К. Морескини. Глава девятая. Христианская греческая философия в VI и VII веках. I. Псевдо-Дионисий Ареопагит 8. Мистическое учение / История патристической философии

Claudio Moreschini. Storia della filosofia patristica.
Brescia, Editrice Marcelliana, 2004.

Перевод с итальянского Л. П. Горбуновой
Редакция перевода, богословская редакция,
примечания иерея Михаила Асмуса
Редакция перевода, философская редакция,
унификация терминологии, сверка и перевод латинских
и греческих текстов монаха Диодора Ларионова

 

 

Уже отмечалось, как последовательное использование апофатического метода, посредством которого познается не что есть Бог, но только то, чем Он не является, с неизбежностью разрешается в неведение и в безмолвие и как, следовательно, знание о Боге совпадает с незнанием о Нем. Сообразно с принципом, сформулированным Аристотелем и усвоенным неоплатонизмом, познание может иметь место только между подобными реальностями, поэтому тот, кто хочет соединиться с Богом, Который в Своем трансцендентном пребывании есть абсолютное единство, превосходящее Единое и ум, должен стать Ему подобным, превзойдя собственный ум, и свести себя ко всецелому единству. Мистическое единение, которое ради достижения неведения предполагает успокоение или прекращение любой мысленной активности и любой формы рационального познания («О божественных именах», I 1; IV 11; VII 3, «О мистическом богословии», I 1, 3), есть состояние, высшее по отношению к мысли и к уму («О божественных именах», I 4), и характеризуется сведением к единству всех способностей души. Во время мистического единения человеческий ум утрачивает собственную самотождественность и более не принадлежит самому себе, но только предмету желания, его к себе привлекшего в качестве абсолютной красоты и причины возвращения («О божественных именах»; III 2, IV 13).

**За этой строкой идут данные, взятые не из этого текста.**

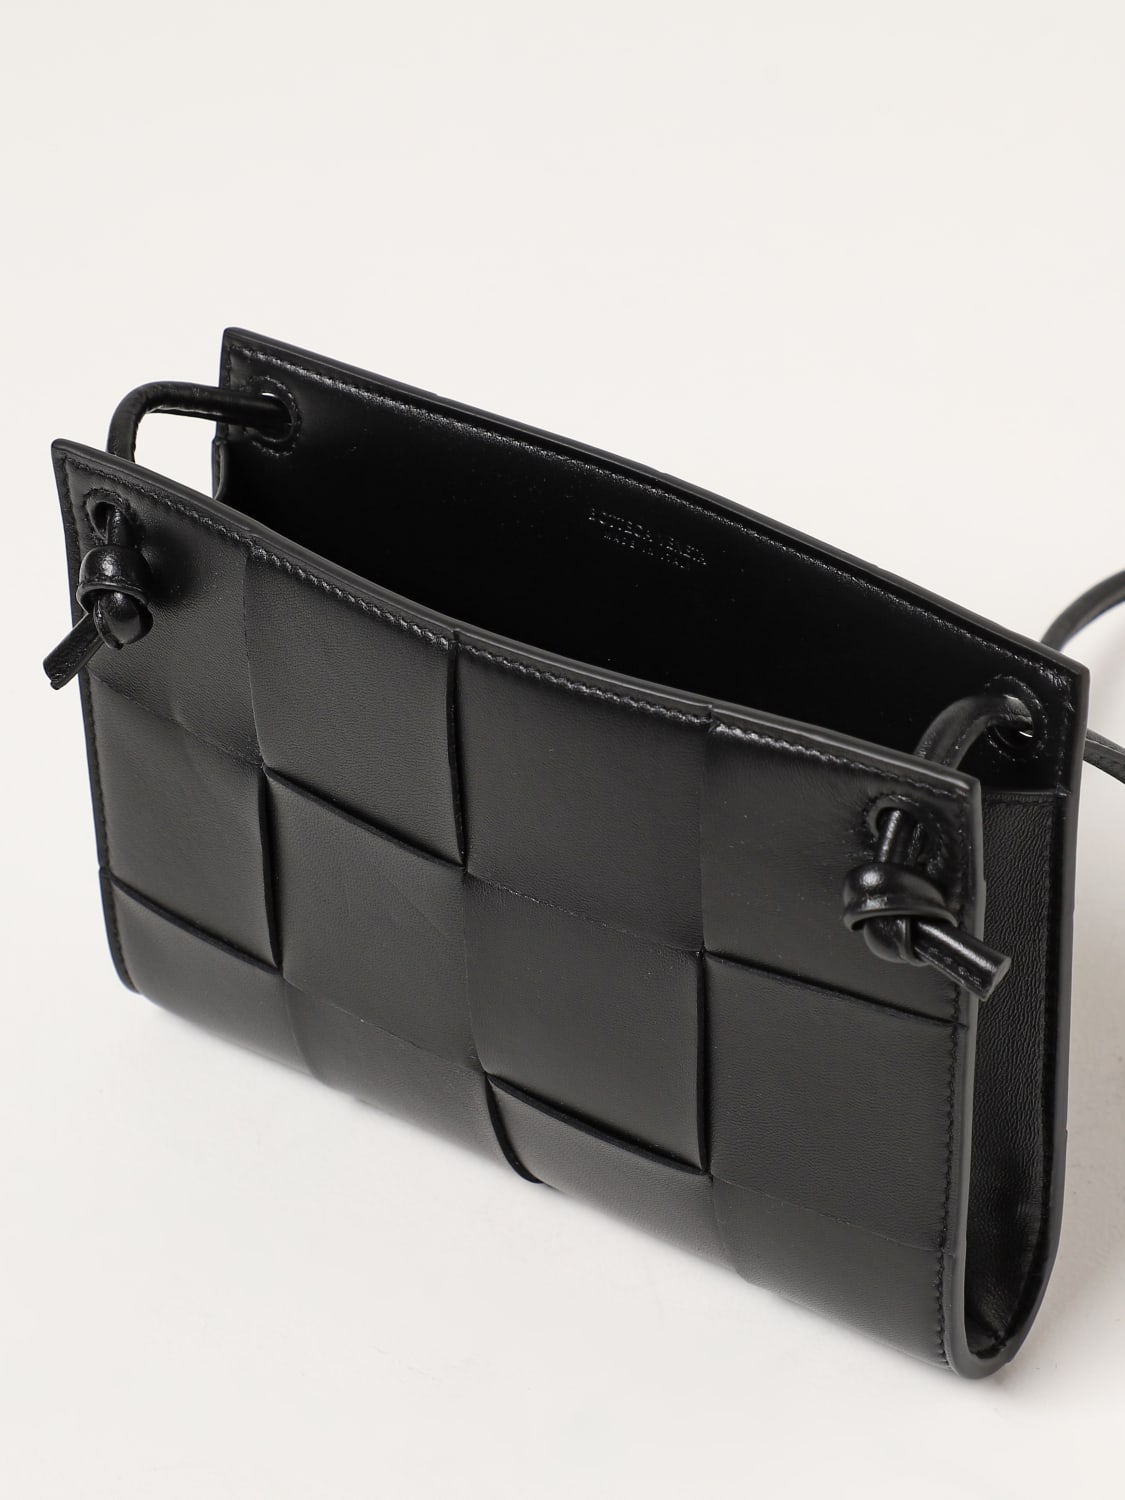 Bottega Veneta Shoulder bag 'Cassette' Black
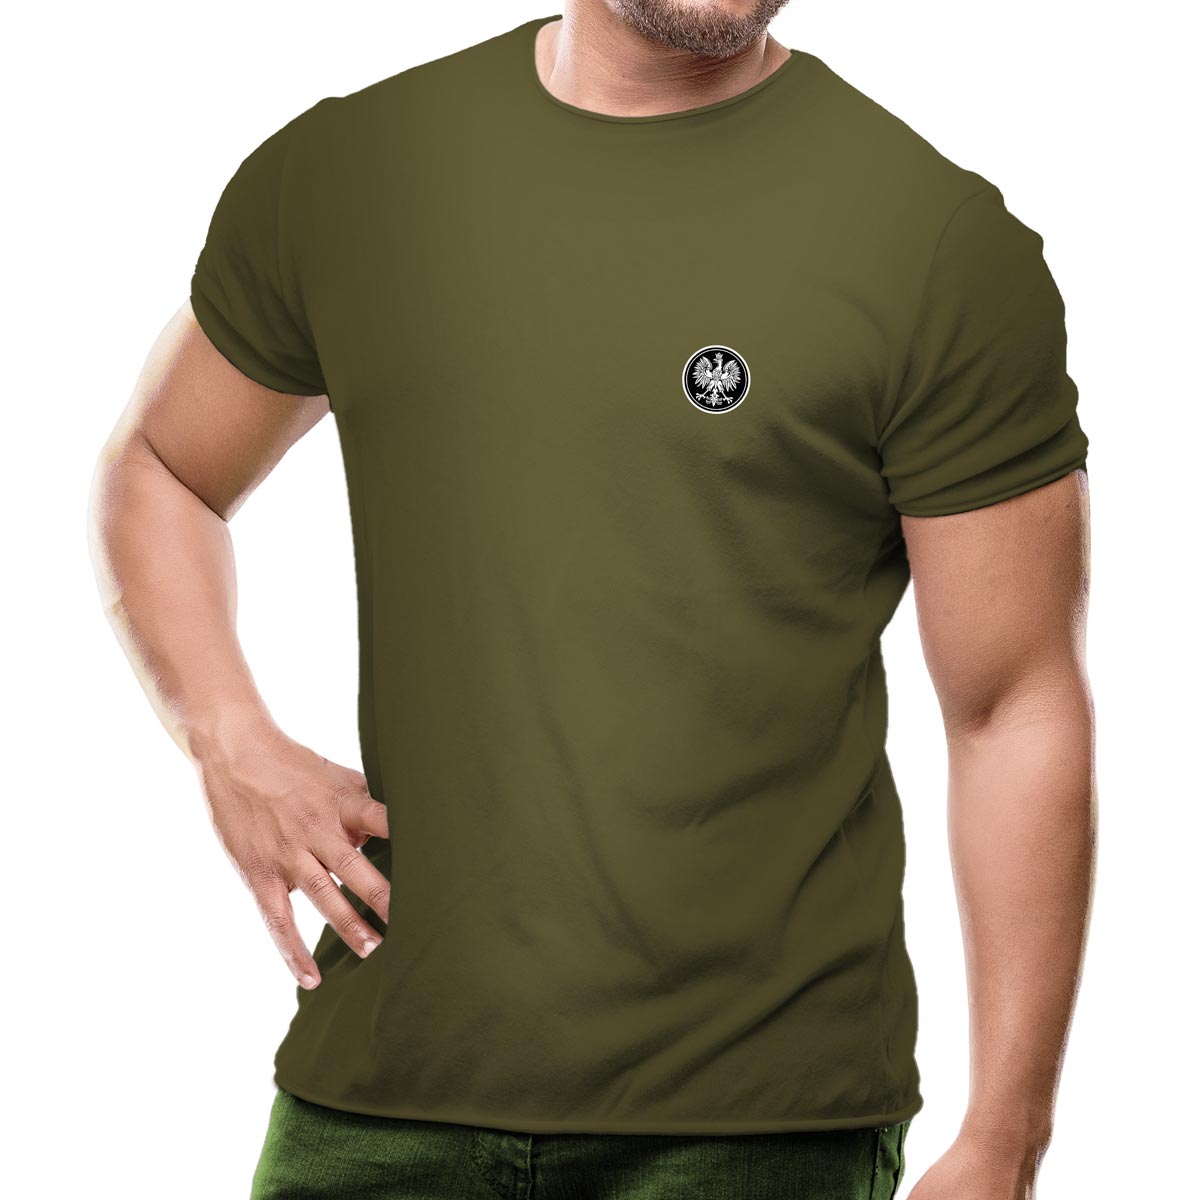 męska koszulka patriotyczna koszulka z orłem zielona khaki wojskowa

Последовательное восхождение человеческого ума к Богу символизируется в Священном Писании восхождением Моисея на гору Синай, описанным в I главе «Мистического богословия» (этот мотив присутствует уже у Филона и имеет долгую историю в патристической мысли): очищение, которому Моисей подвергается предварительно, есть символ очищения, необходимого для достижения высшего знания; звуки, которые он слышит, и сияние, которое он видит при начале восхождения, суть символы различных знаний, основывающихся либо на чувствах, либо на разуме; мрак, в который он вступает и который окутывает его, есть символ всецелого неведения (человеческий ум погружается в него в конце исследования, состоящего в «абстрагировании», или «отрицании»), а ослепительный свет, проступающий во мраке, есть, наконец, символ сверхсущественного знания, присущего мистическому единению, которое оставляет позади себя всякую чувственную и мысленную активность, не смешиваясь с сиянием, которое было видно до того.

Как это происходит и в неоплатонизме, это мистическое единение происходит без посредника. Даже если в некоторых местах Псевдо-Дионисий и признает роль Иисуса в рамках процесса приближения к Первоначалу, объективно следует признать, что эта роль выглядит у него довольно незначительной по сравнению с той, которая отмечается у Климента, у Оригена и у Григория Нисского. Не только идея прямого — без посредников — соединения человеческого ума с Богом, но также и идея перехода рационального познания в неведение, идея превосходства мистического единения над мыслью и над познанием, сведения себя к единству и полному отождествлению человеческого ума с предметом его желания образуют мистическое учение Псевдо-Дионисия, которое несет на себе неизгладимую печать неоплатонизма.